• [THE DATA]:
○ ○ ○ ○

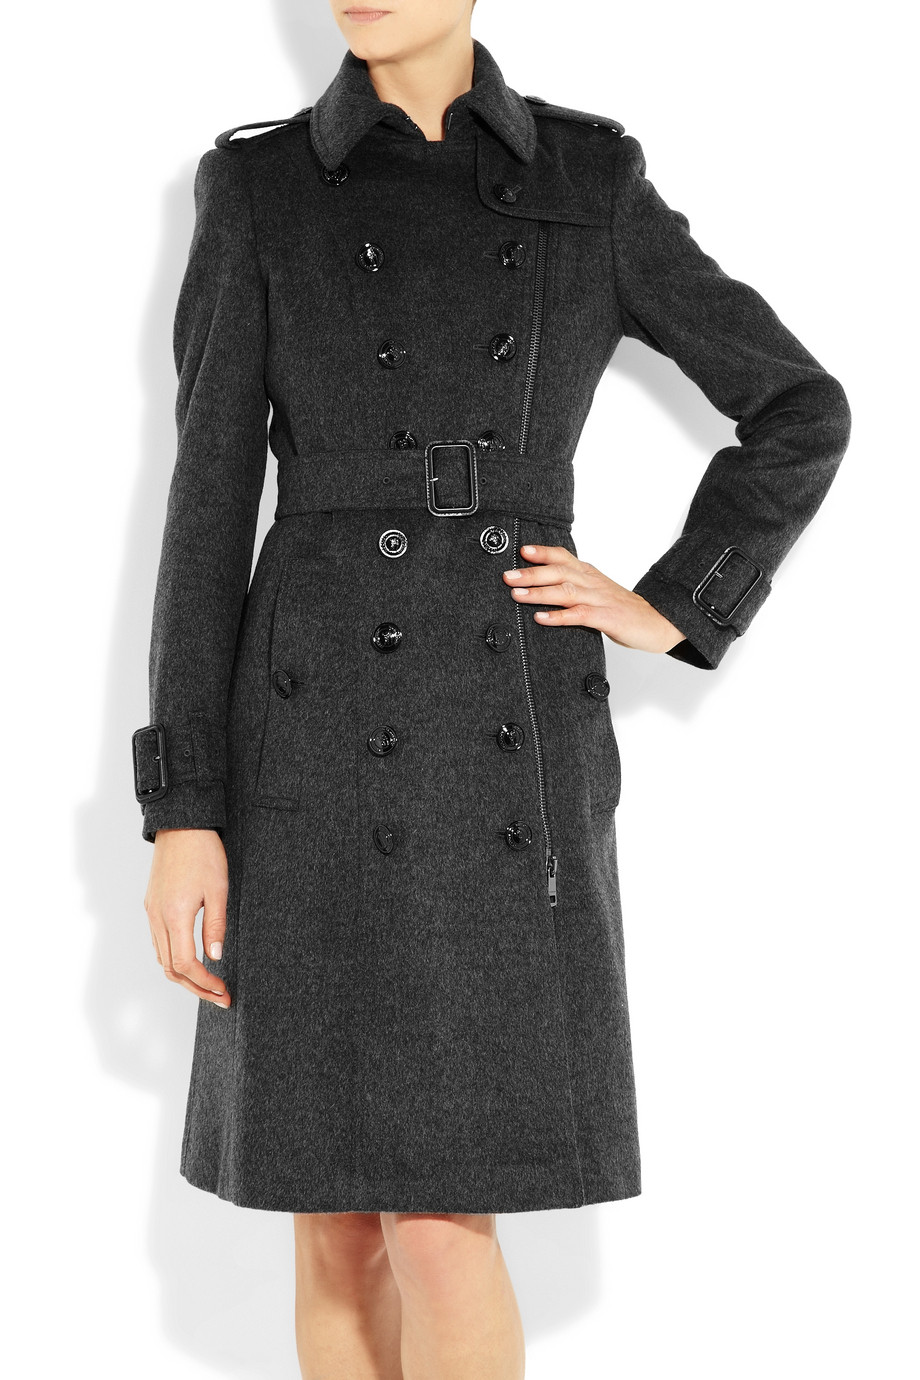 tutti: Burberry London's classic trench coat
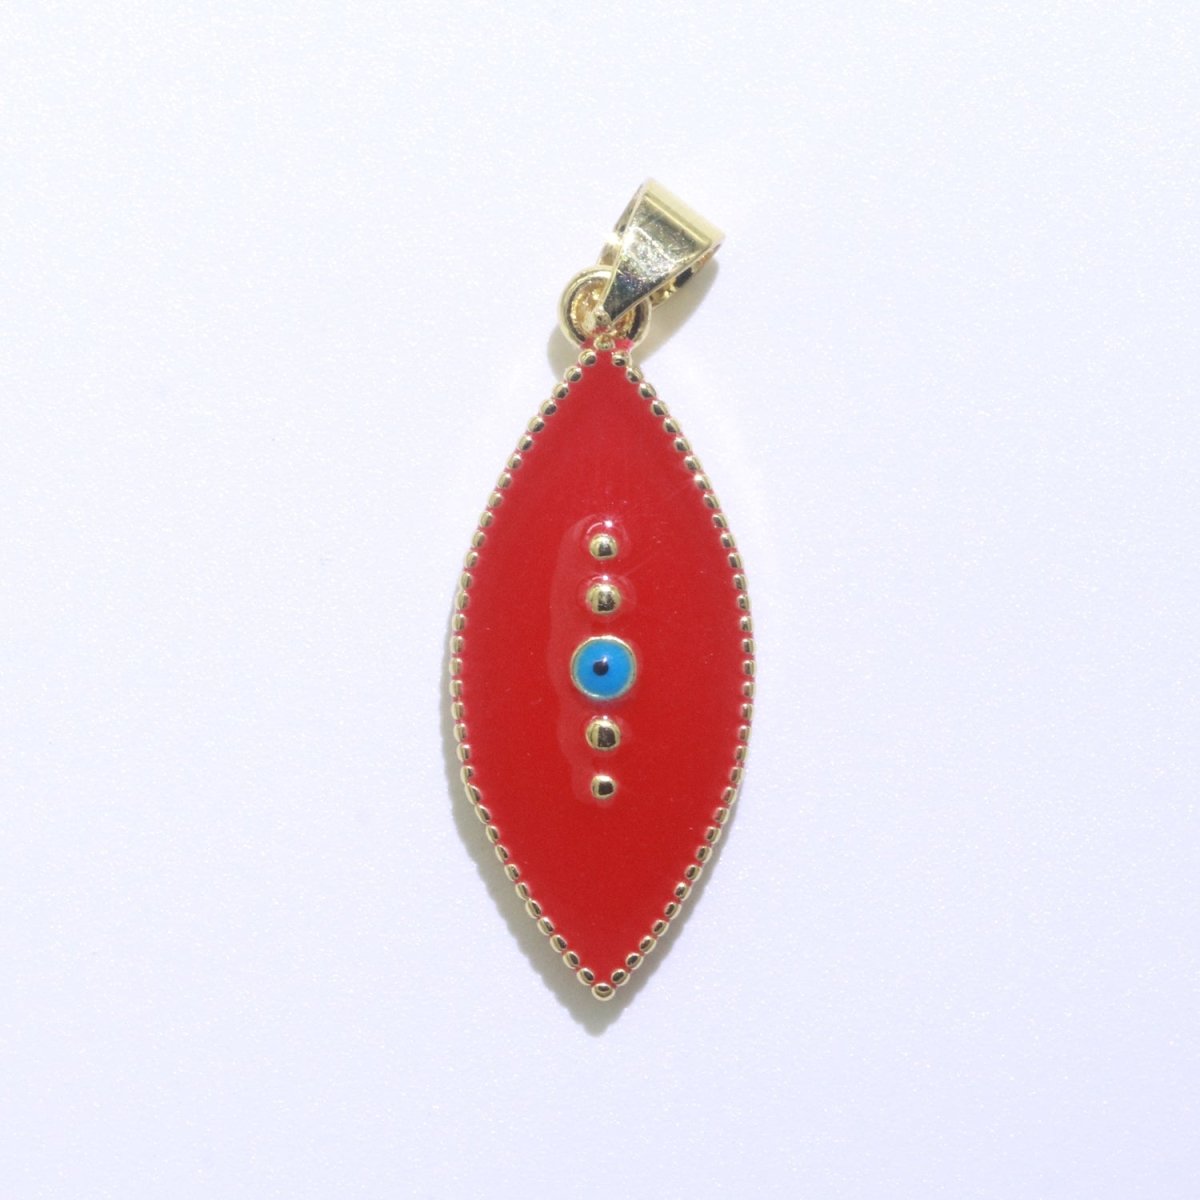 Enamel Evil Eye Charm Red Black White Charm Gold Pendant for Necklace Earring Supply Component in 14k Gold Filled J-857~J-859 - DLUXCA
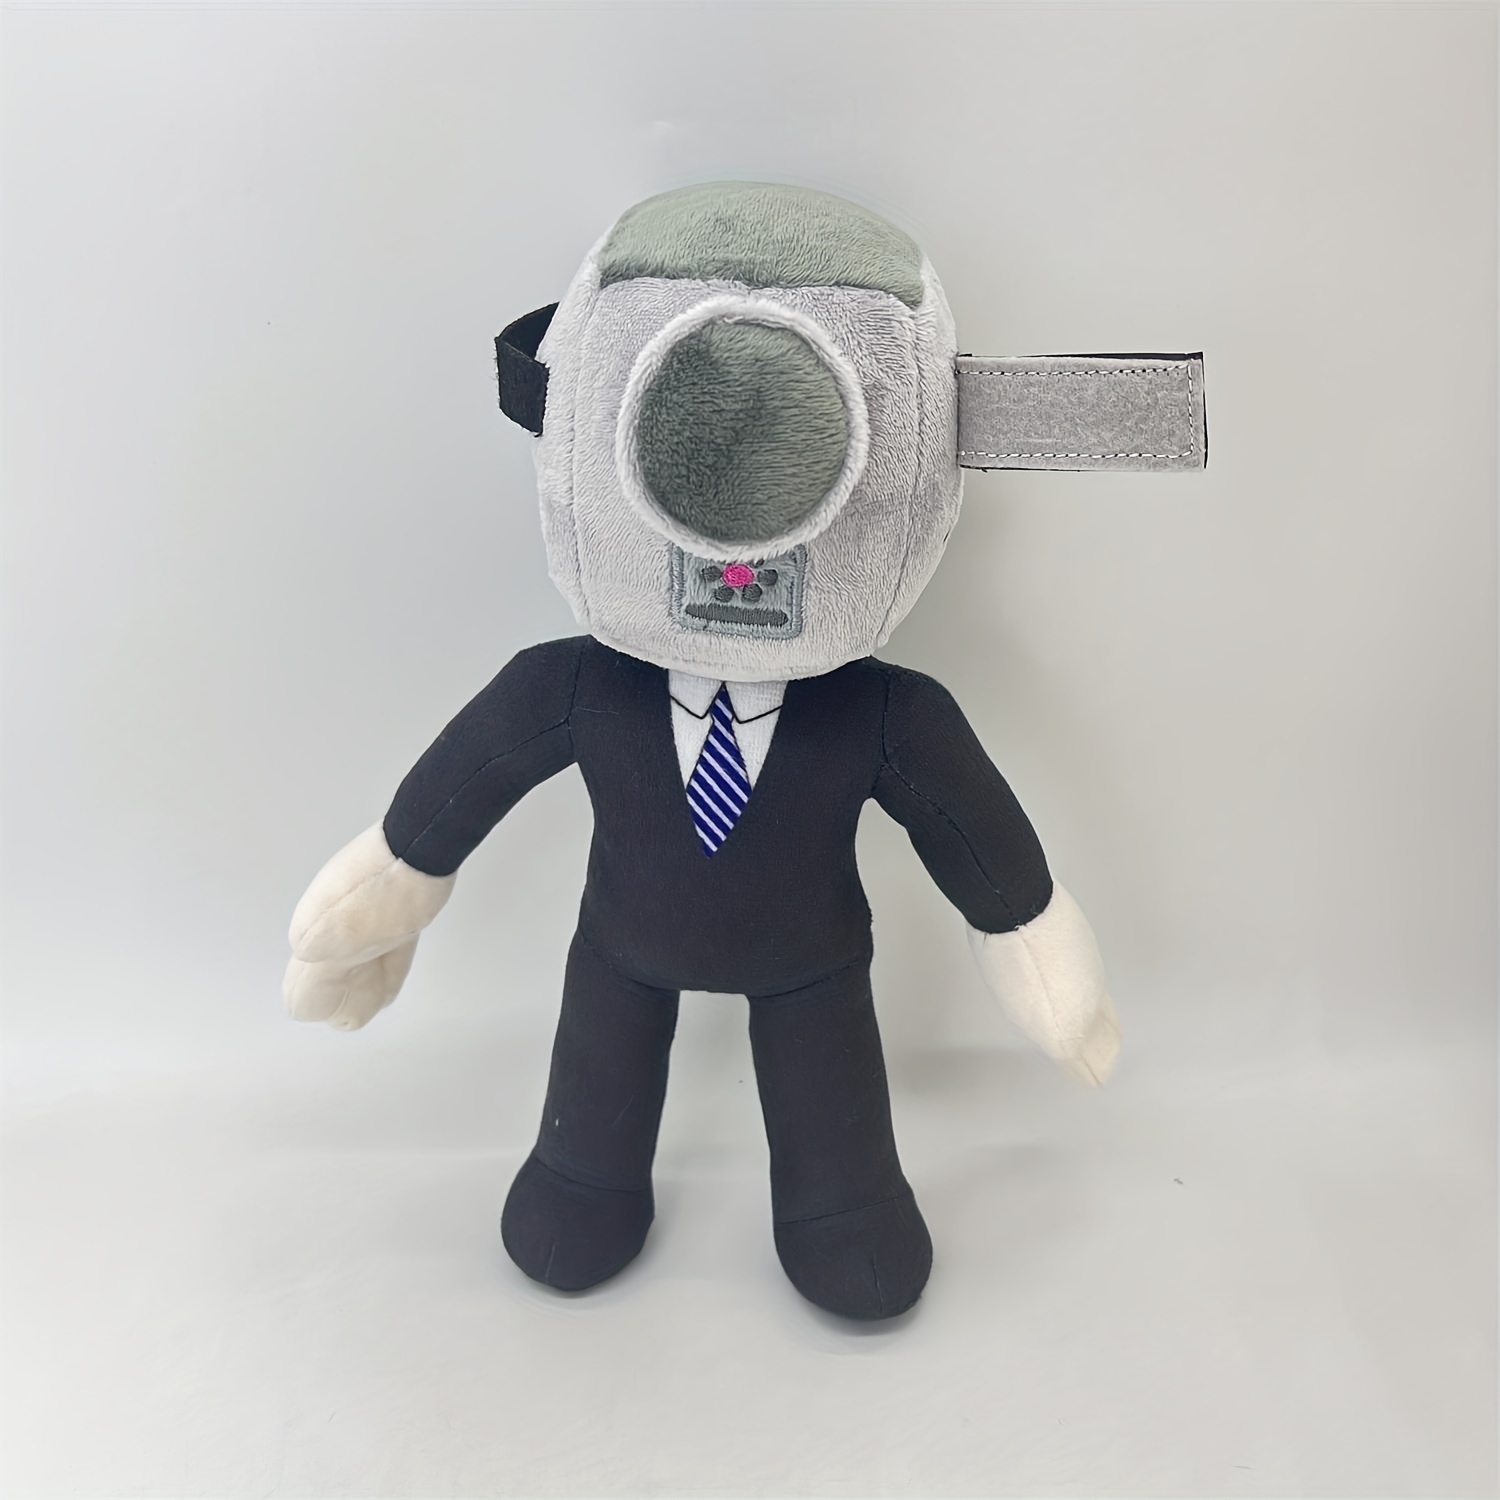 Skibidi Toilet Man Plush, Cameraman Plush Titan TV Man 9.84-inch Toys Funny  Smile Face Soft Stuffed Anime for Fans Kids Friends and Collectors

○ ○ ○ ○

• [PROBLEM TO WORK ON]: Write the listing above out again exactly, dropping each image.

• [ANSWER FOR THE TASK]:
 tutti: Burberry London's classic trench coat
 Enamel Evil Eye Charm Red Black White Charm Gold Pendant for Necklace Earring Supply Component in 14k Gold Filled J-857~J-859 - DLUXCA
 Skibidi Toilet Man Plush, Cameraman Plush Titan TV Man 9.84-inch Toys Funny  Smile Face Soft Stuffed Anime for Fans Kids Friends and Collectors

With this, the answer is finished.